FIG. 1 is a side sectional view showing one embodiment of a large air-conditioning glass window of the present invention.

FIG. 2 is a plan sectional view illustrating the operation of the large-sized air-conditioning glass window of FIG.

FIG. 3 is a front sectional view for explaining the operation of the large air-conditioning glass window of FIG.

FIG. 4 is a side sectional view for explaining the operation of the large air conditioning glass window of FIG.

FIG. 5 is a side sectional view of a conventional window system.

[Explanation of symbols]

 DESCRIPTION OF SYMBOLS 1 Building 2 Opening 3 Sheet glass 4 Sheet glass 5 Sheet glass 6 Hollow layer 7 Hollow layer 8 Large-sized glass window 9 Air conditioner 11 Air-conditioning air outlet 13 Suction port 14 Chamber box

Claims (2)

(57) [Claims] 1. An air conditioner having an air-conditioned air outlet communicating with an outdoor-side hollow layer and a suction port communicating with an indoor-side hollow layer below a large-sized glass window having a double-layer triple-glass structure.
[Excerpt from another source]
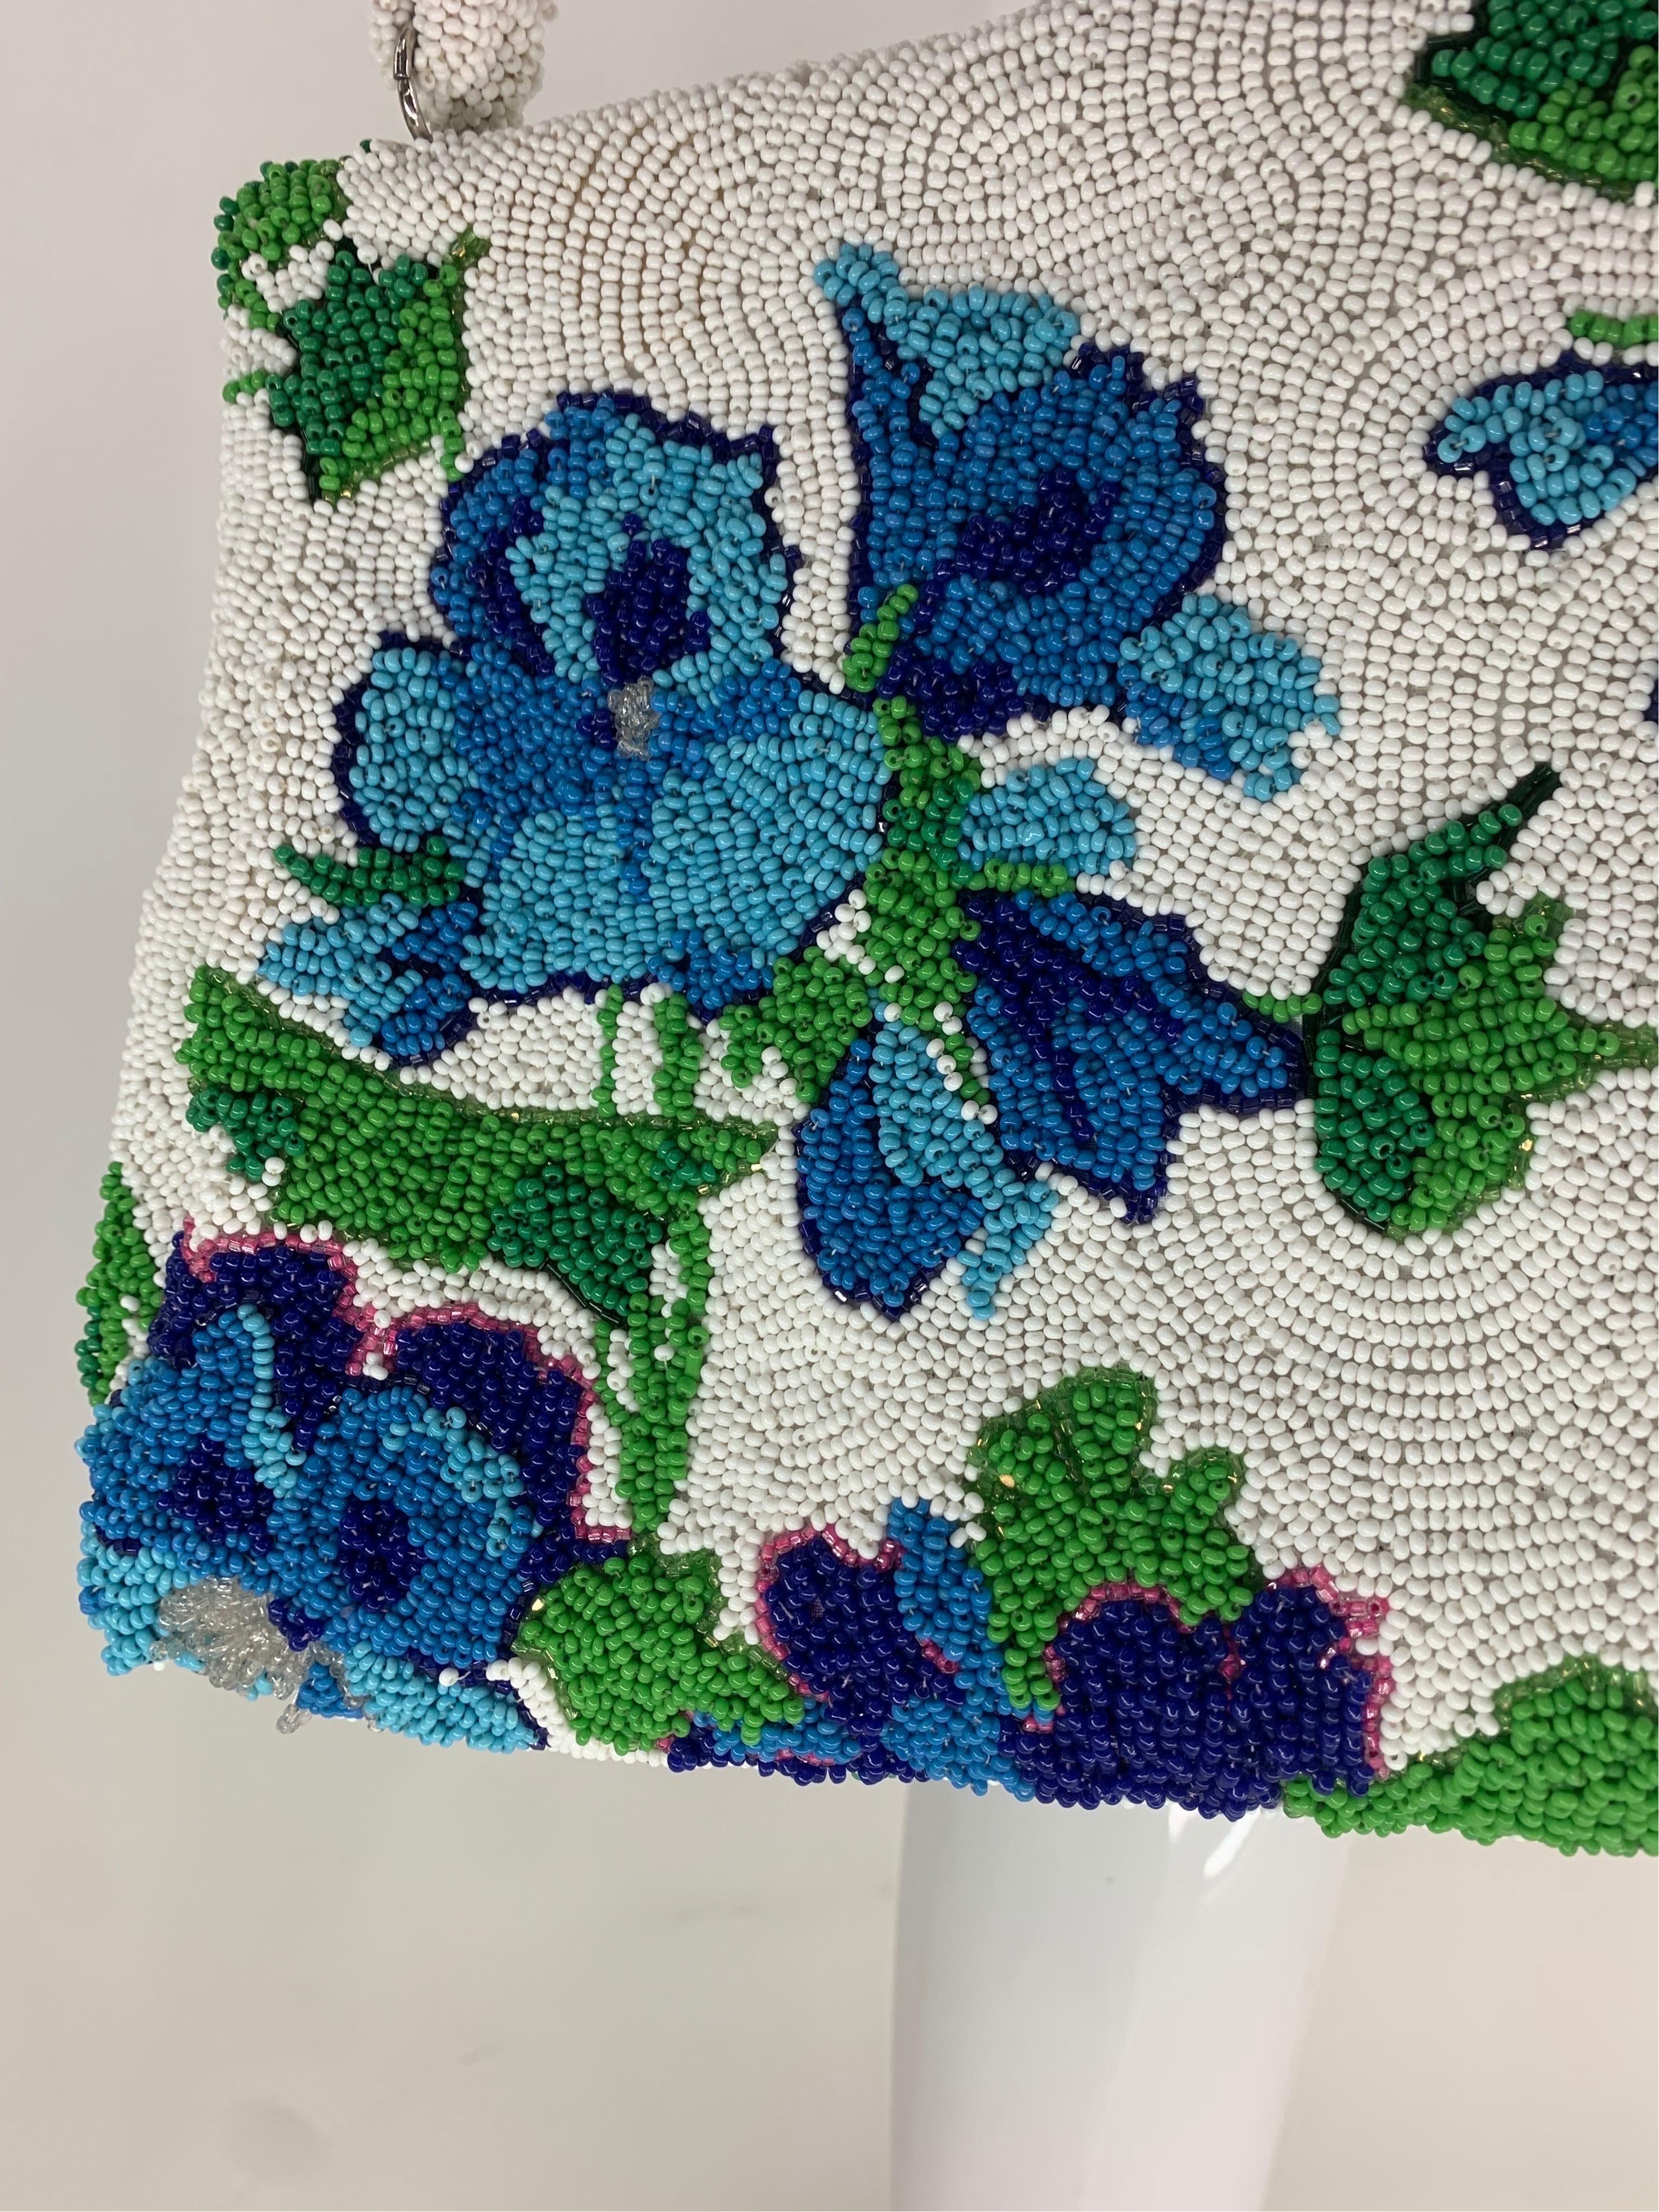 1950 Koret Tresor Stunning Floral Beaded Handbag In Green & Blue On White Ground For Sale 2
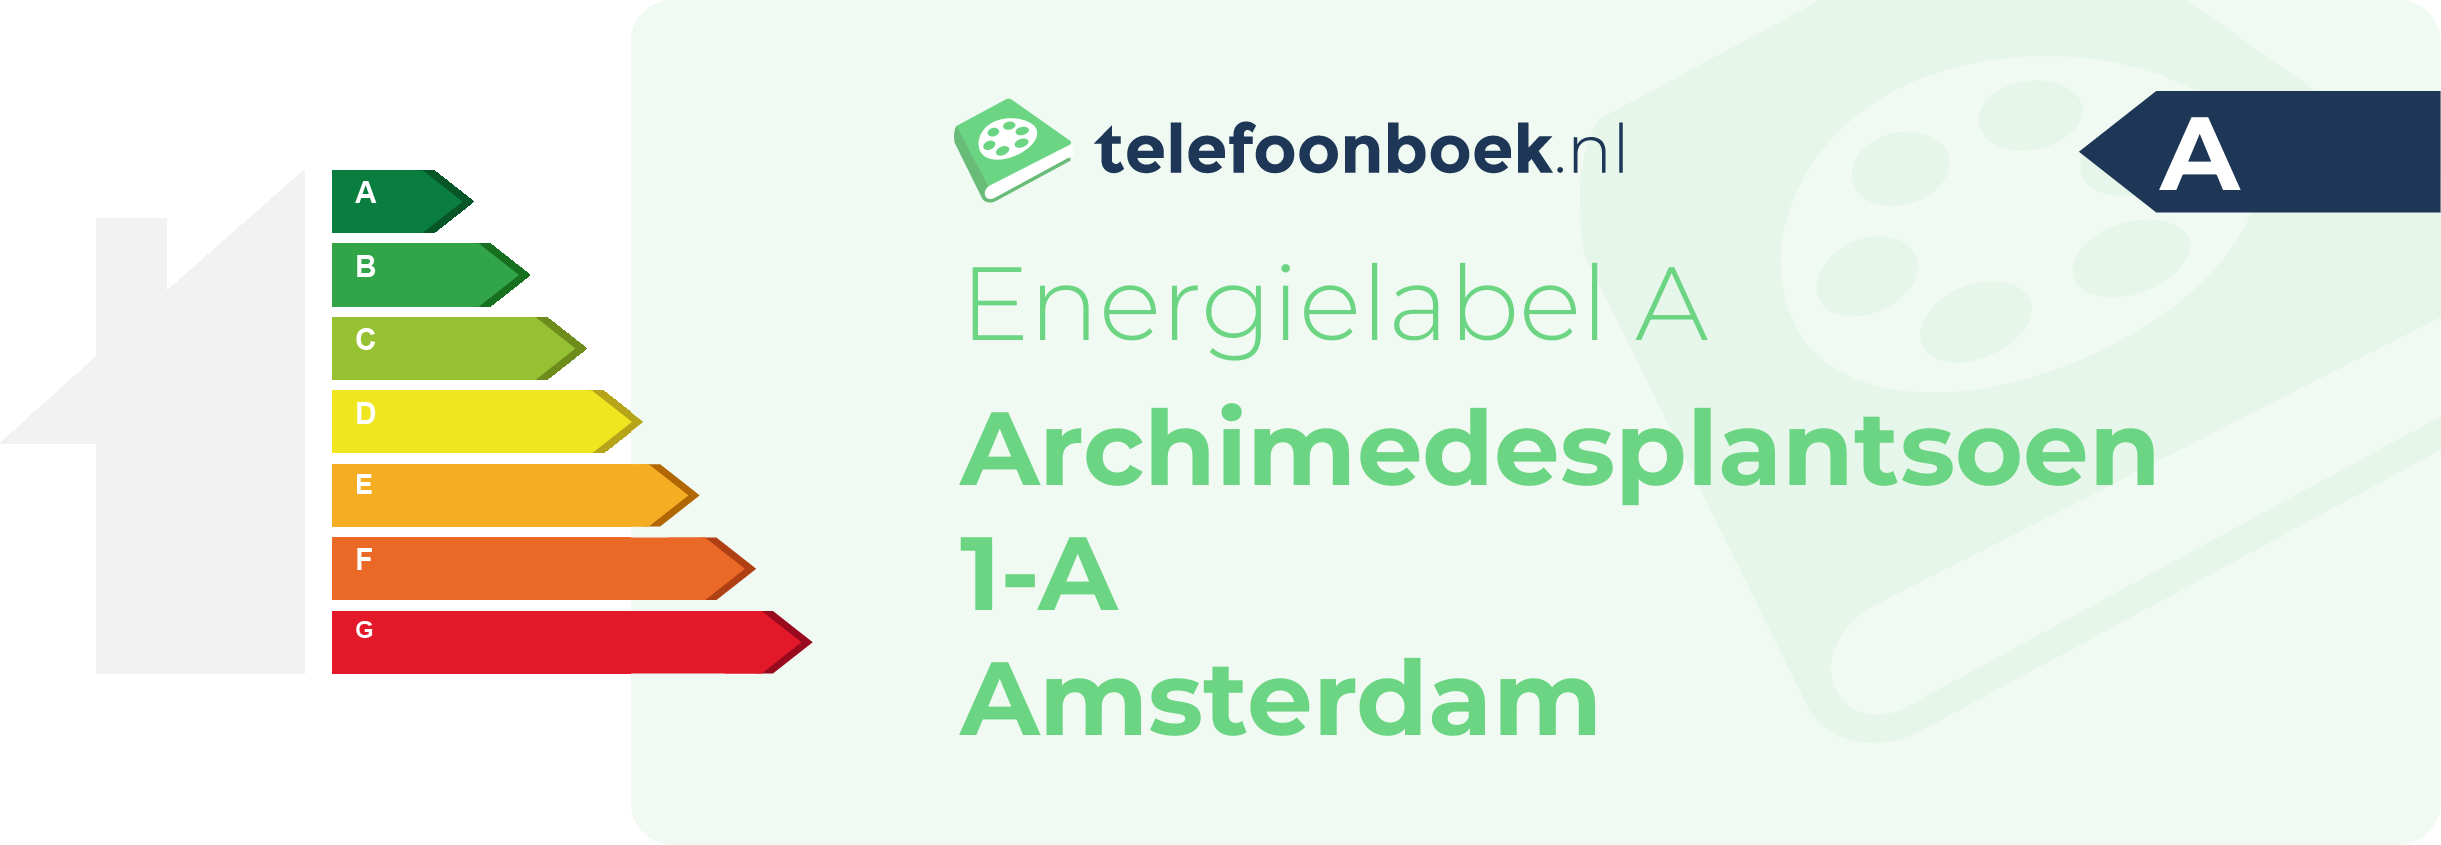 Energielabel Archimedesplantsoen 1-A Amsterdam

A large air-conditioning glass window, wherein a chamber box is provided above the large glass window to communicate both hollow layers. 2. The large-sized air-conditioning glass window according to claim 1, wherein the outdoor side glass sheet is a heat absorbing and anti-glass, and the intermediate and indoor side glass sheets are a heat absorbing glass.